> **WORK ITEM**:
Only one span of the material below is wanted. Output it exactly, from the line with "Saeed Ajmal took" through the line with "View 5 Pack", without any pictures.

> **SOURCE DATA**:
* * *
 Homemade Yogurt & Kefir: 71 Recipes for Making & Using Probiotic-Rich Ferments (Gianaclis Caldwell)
* * *
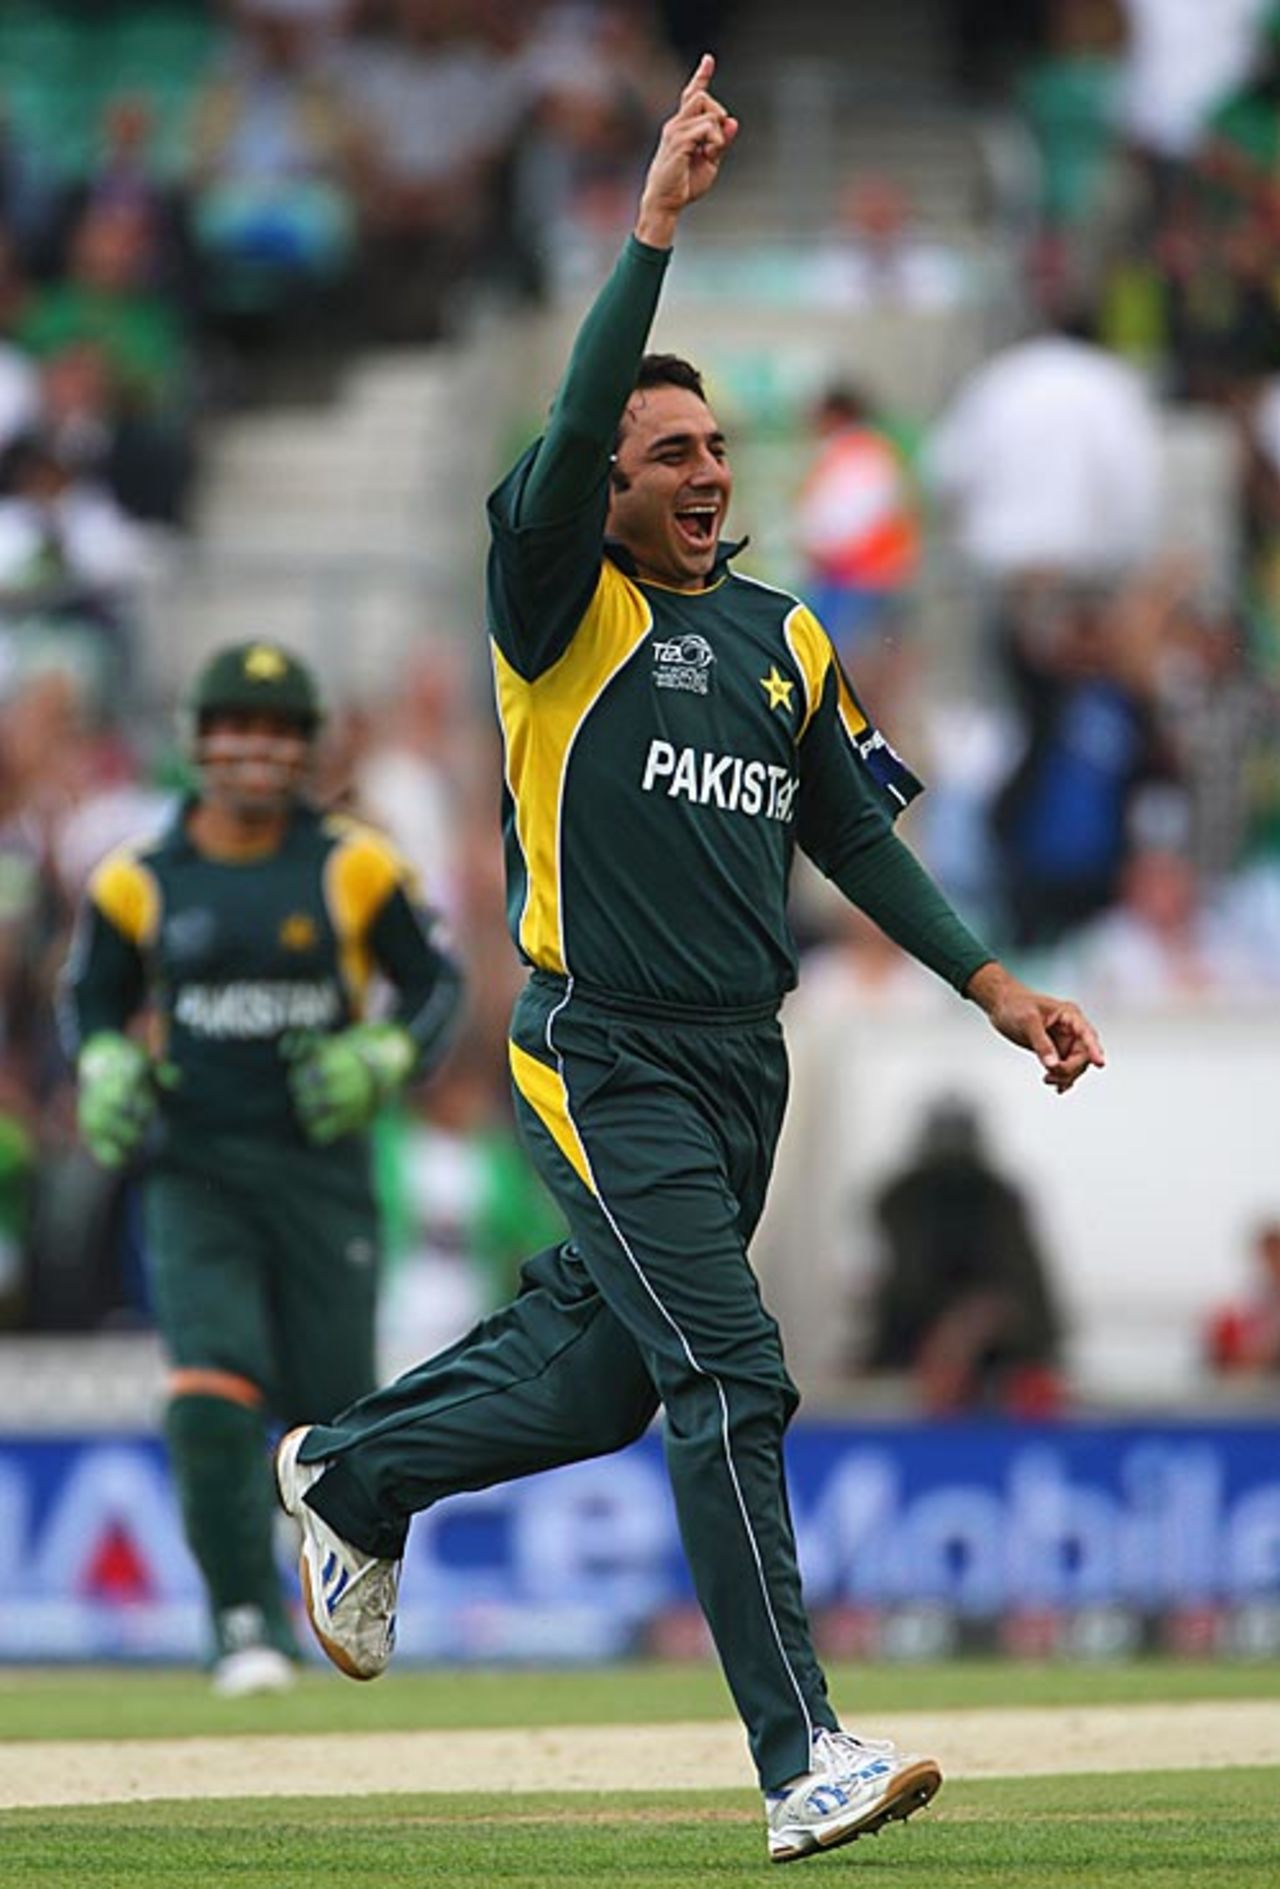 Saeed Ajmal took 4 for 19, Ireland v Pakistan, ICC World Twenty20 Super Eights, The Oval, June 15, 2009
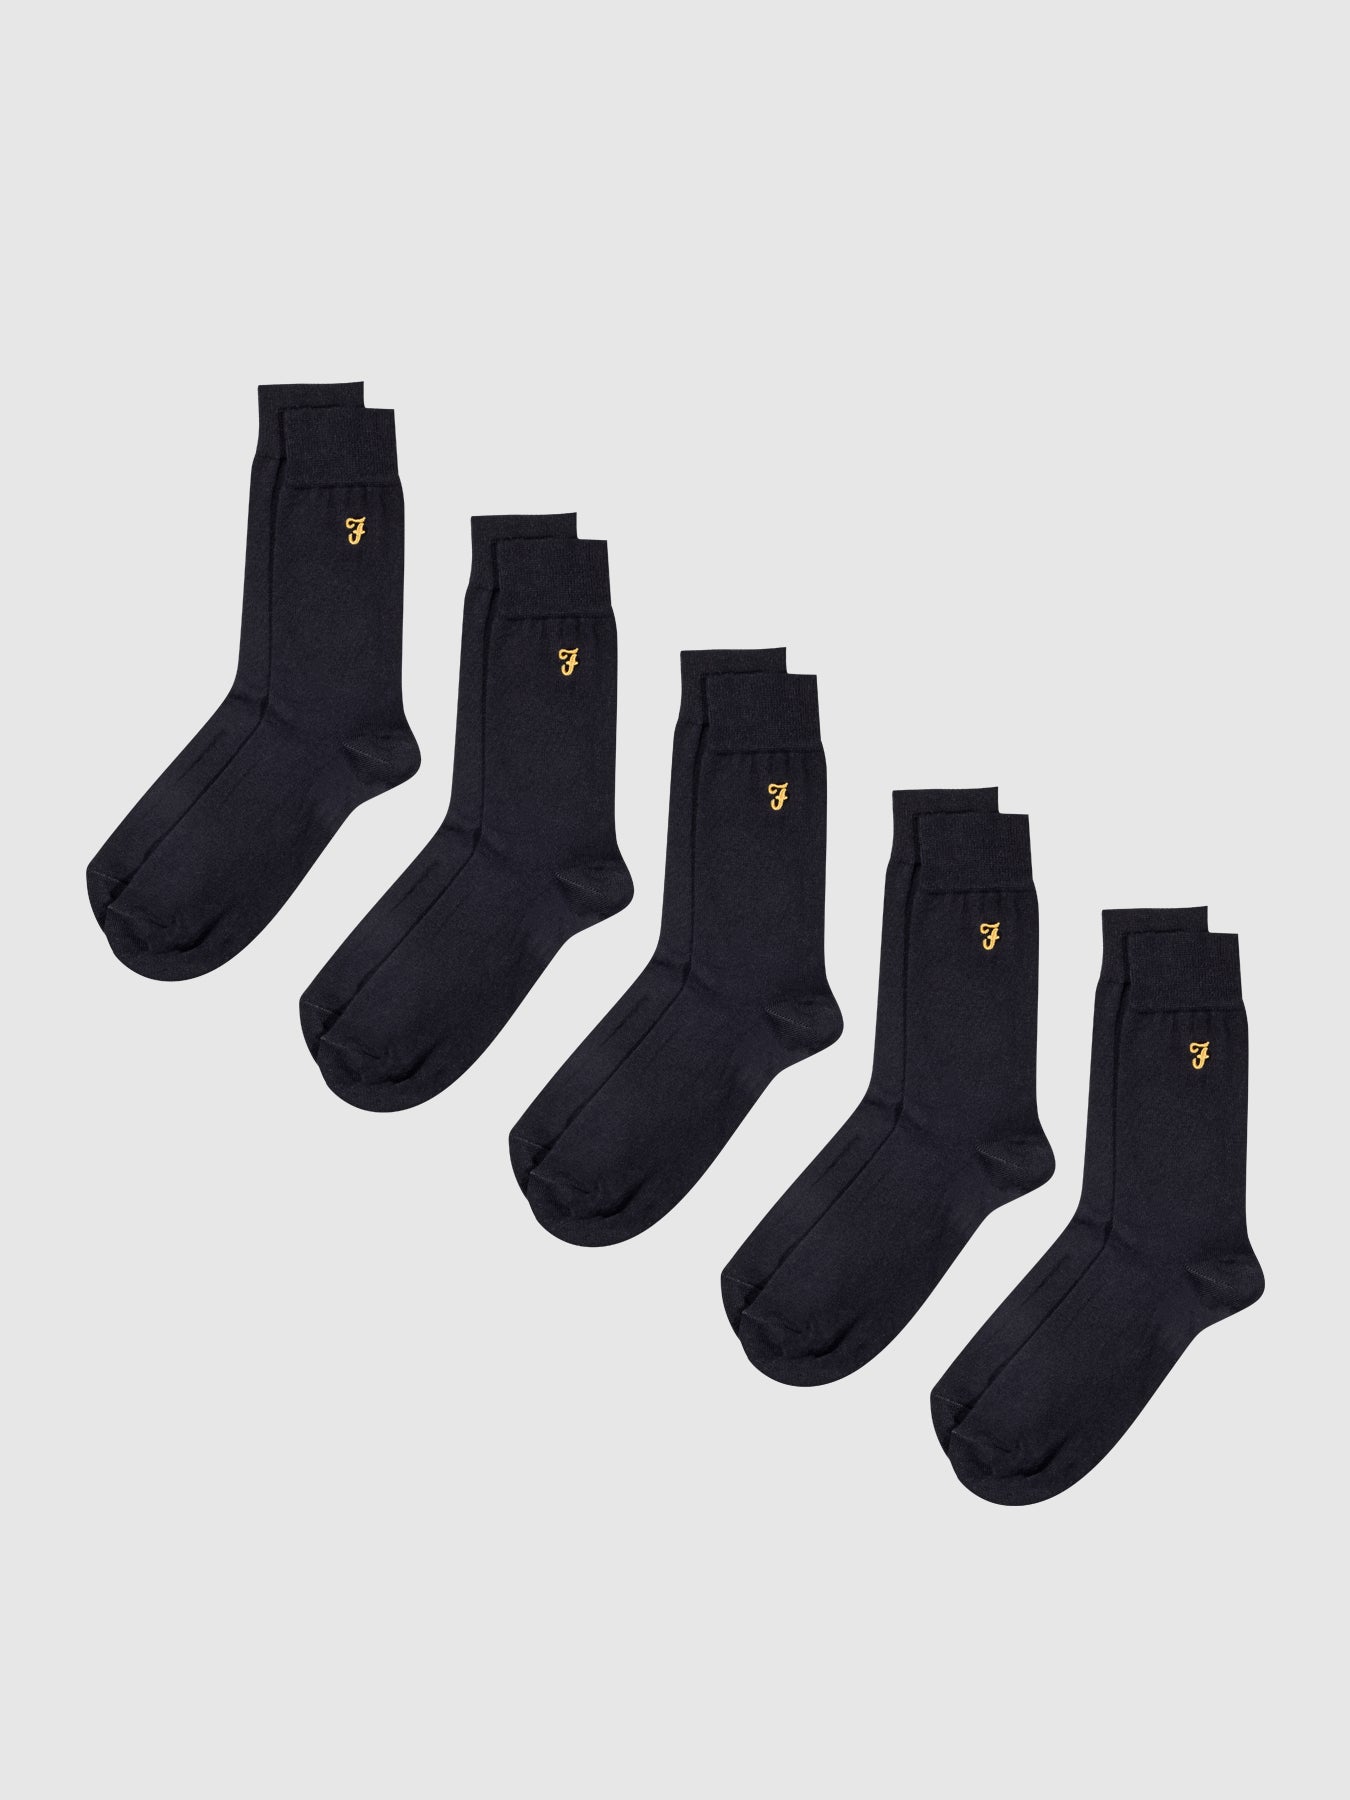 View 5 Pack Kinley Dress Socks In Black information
* * *
> **ANSWER TO THIS EXERCISE**:
 Saeed Ajmal took 4 for 19, Ireland v Pakistan, ICC World Twenty20 Super Eights, The Oval, June 15, 2009
 View 5 Pack Kinley Dress Socks In Black information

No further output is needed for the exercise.